# WORK INSTRUCTIONS:
The result should be the listing below, restated exactly, with its pictures left out.

# SUPPLIED DATA:
◇ ◇ ◇ ◇

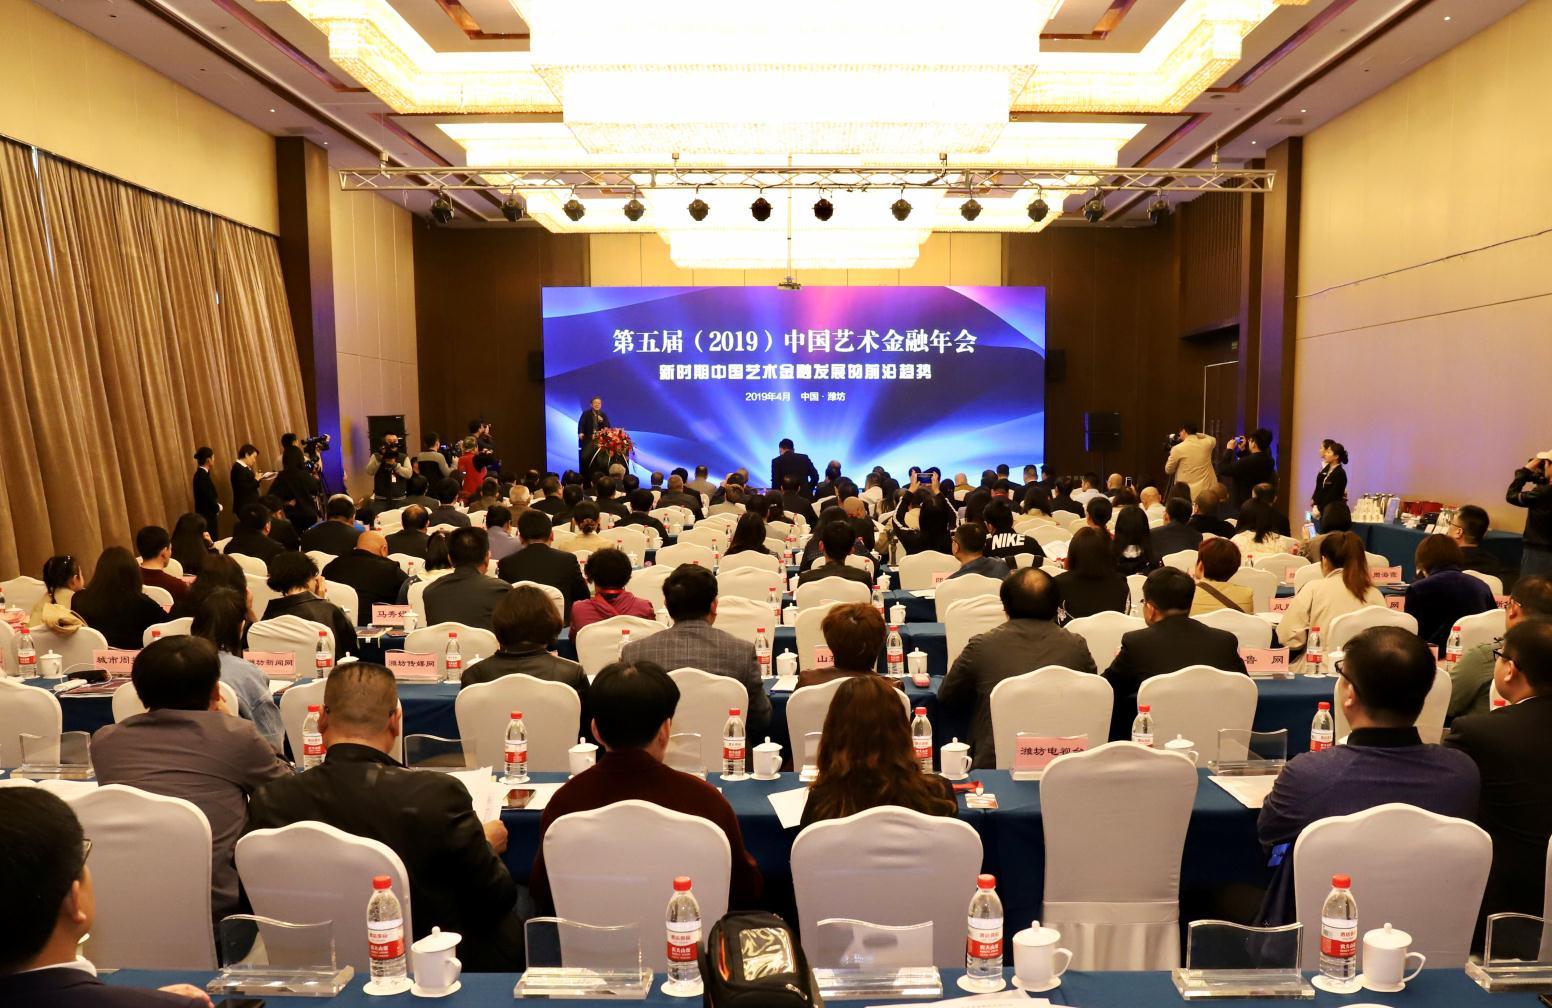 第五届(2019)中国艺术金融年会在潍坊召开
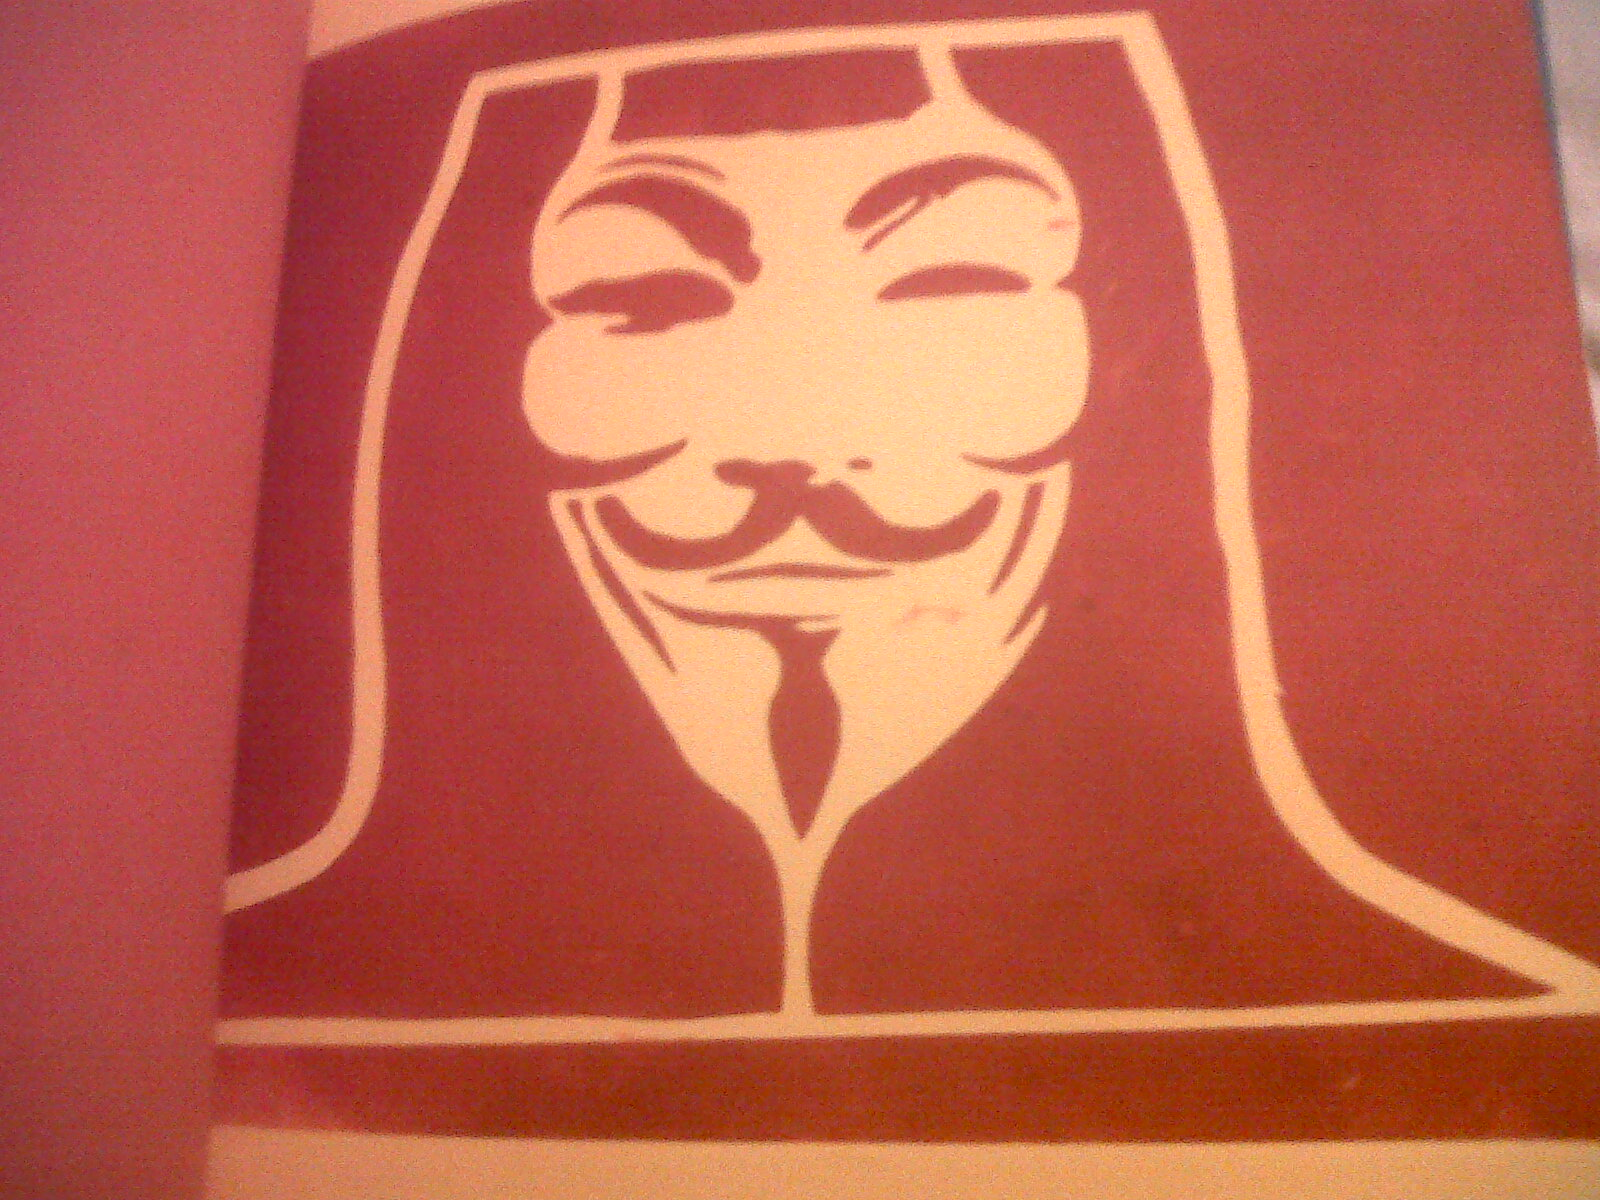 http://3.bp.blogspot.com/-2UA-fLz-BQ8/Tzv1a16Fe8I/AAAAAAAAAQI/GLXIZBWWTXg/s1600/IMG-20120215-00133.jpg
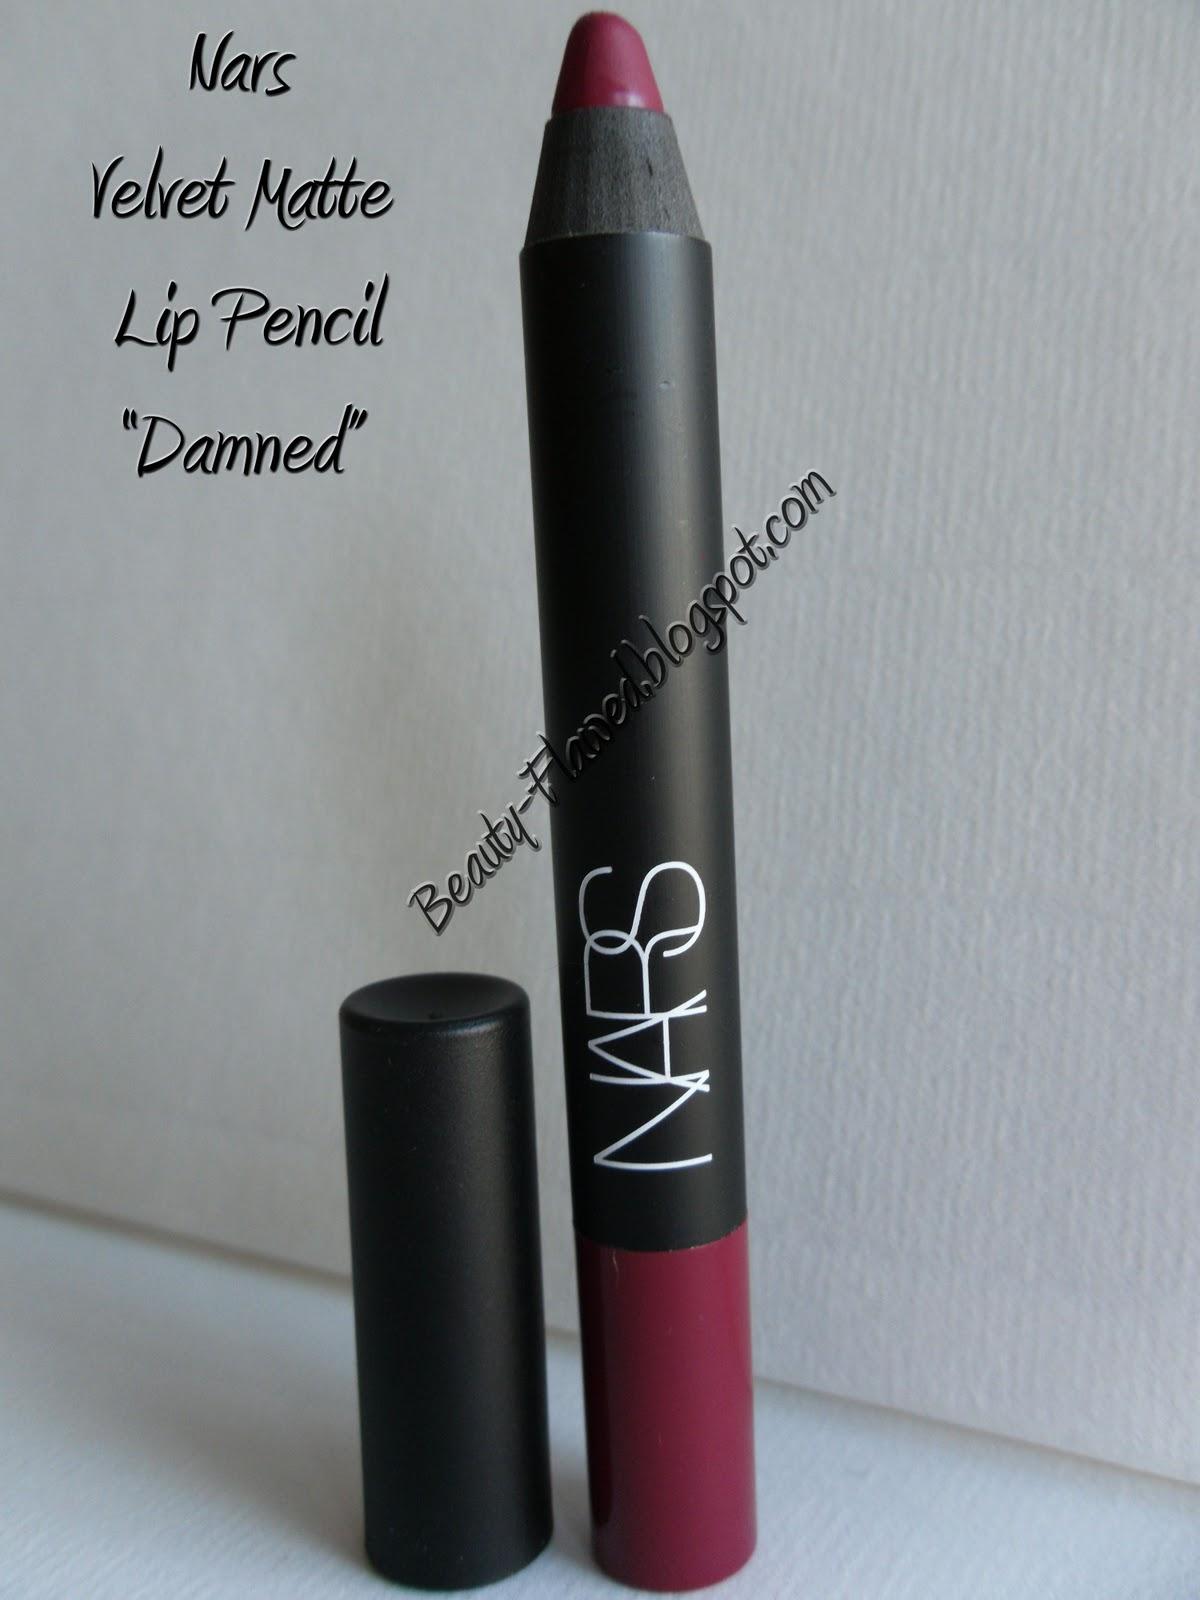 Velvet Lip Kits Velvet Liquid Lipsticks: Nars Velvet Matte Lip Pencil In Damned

◇ ◇ ◇ ◇

# YOUR SOLUTION:
 第五届(2019)中国艺术金融年会在潍坊召开
 http://3.bp.blogspot.com/-2UA-fLz-BQ8/Tzv1a16Fe8I/AAAAAAAAAQI/GLXIZBWWTXg/s1600/IMG-20120215-00133.jpg
 Velvet Lip Kits Velvet Liquid Lipsticks: Nars Velvet Matte Lip Pencil In Damned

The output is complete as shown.